Un ejército gris y silencioso

Hay quienes deciden un día raparse el pelo y cambiar para siempre los vaqueros por una túnica naranja y quienes -no es broma, sucedió en Corberá- se encierran durante 10 días en un viejo búnker de la playa, convencidos de que podrán escapar así de un fin del mundo que consideran inmediato.

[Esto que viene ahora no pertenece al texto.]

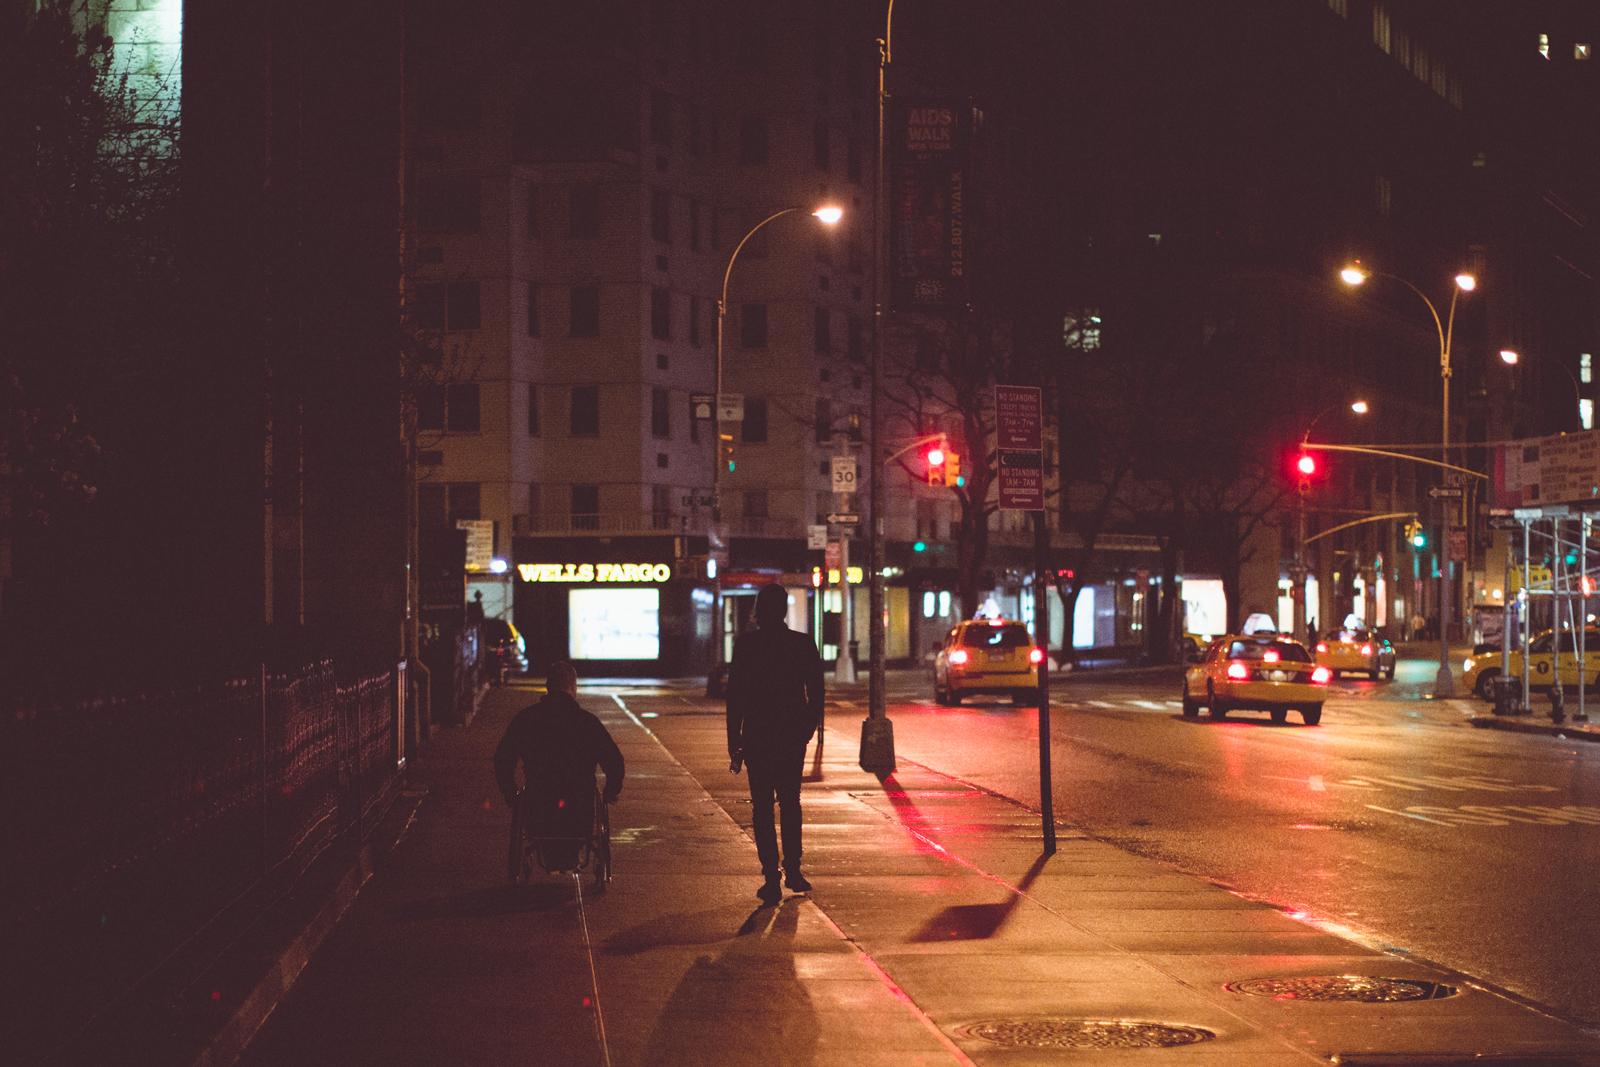 bolfo_0001s_0001_NYC Tom & C

También hay quien se suicida a la espera del cometa Hale-Boop o deja que su hijo muera antes de que lo trasfundan de sangre impura. Y hay -son la mayoría, el ejército gris de las sectas- una multitud silenciosa, imperceptible a simple vista, que vive sin saberlo con la voluntad extirpada.Desde hace años, Josep Maria Jansà, responsable médico de AIS, se sienta frente a ellos cada tarde y les habla, que sólo con la verdad por delante se les puede reimplantar un miembro tan vital. "No debe esperarse", explica el doctor Jansà para ahuyentar los tópicos, "que los adeptos a las sectas actúen como autómatas robotizados, que es la imagen que se ha dado de ellos en demasiadas ocasiones". De hecho, continúa, "suelen mantener en perfecto estado su capacidad laboral y profesional, por lo que suele resultar muy complicado identificar la existencia de un trastorno psicológico en estas personas. Incluso en los grupos sectarios donde la intensidad de la manipulación y el control son más evidentes, existe un número variable de personas que conserva perfectamente sus niveles de autonomía".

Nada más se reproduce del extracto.